Fig. 2: Genomic landscape of sarcomas.
figure 2

a Heat map showing the frequency of recurrent short variants and copy number variants in the listed genes in each subtype of sarcoma, grouped as translocation-associated or genomically complex and other sarcomas (left), as well as the types of genomic alterations (right). b Volcano plot showing co-occurrence (odds ratio >1) and mutual exclusivity (odds ratio <1) between two genes within the same pathway. Top ten significant interactions (FDR < 0.05) are labeled.
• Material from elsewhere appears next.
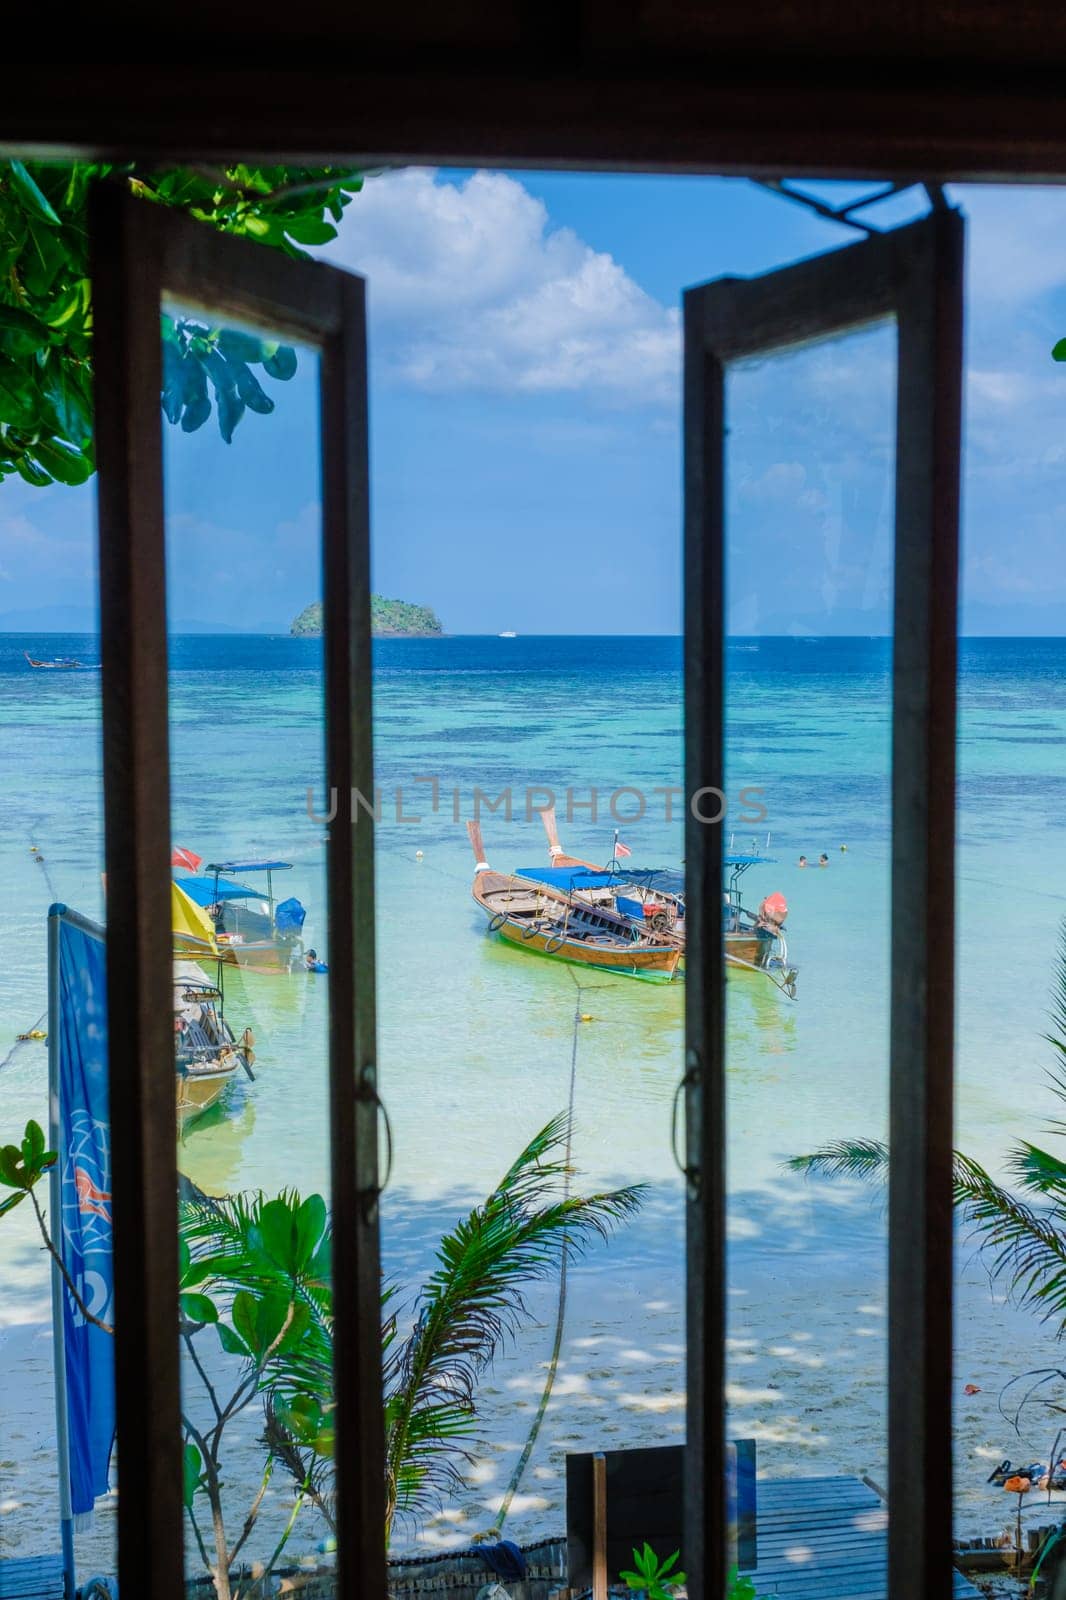 Koh Lipe Island Southern Thailand view from the window with turqouse colored ocean and white sandy beach at Ko Lipe.

UT ESS uterine endometrial stromal sarcoma, ASPS alveolar soft part sarcoma, A alveolar, IMT inflammatory myofibroblastic tumor, LGFMS/SEF low-grade fibromyxoid sarcoma/sclerosing epithelioid fibrosarcoma, DSRCT desmoplastic small round cell tumor, URC/EL undifferentiated round cell/Ewing-like, DFSP dermatofibrosarcoma protuberans, EHE epithelioid hemangioendothelioma, UT uterine, P pleomorphic, UPS undifferentiated pleomorphic sarcoma, MFH malignant fibrous histiocytoma, ES extraskeletal, NOS not otherwise specified, PEComa perivascular epithelioid cell tumor, E embryonal, MPNST malignant peripheral nerve sheath tumor, W/DD well or dedifferentiated, GIST gastrointestinal stromal tumor. Source data are provided as a Source Data file.

The p53 tumor suppressor pathway (TP53, MDM2, MDM4) and Rb pathway, including associated canonical cell cycle genes (RB1, CDKN2A/B, CDK4/6, CCND1/2/3, CCNE1), were altered in 47.8% and 46.8% of all sarcomas, respectively30,31,32. Alterations in the p53 and Rb pathways strongly co-occurred following FDR adjustment (OR = 4.2, p < 1.3 × 10−196) (Fig. 2b, Supplementary Table S4). However, alterations within each pathway, i.e. TP53 vs. MDM2/4 and RB1 vs. CDKN2A/B vs. CDK4/6, were mutually exclusive after FDR adjustment. An interesting exception was CCND1/2/3 (but not CCNE1), in which alterations were strongly co-occurrent with those in CDK4/6 and CDKN2A/B.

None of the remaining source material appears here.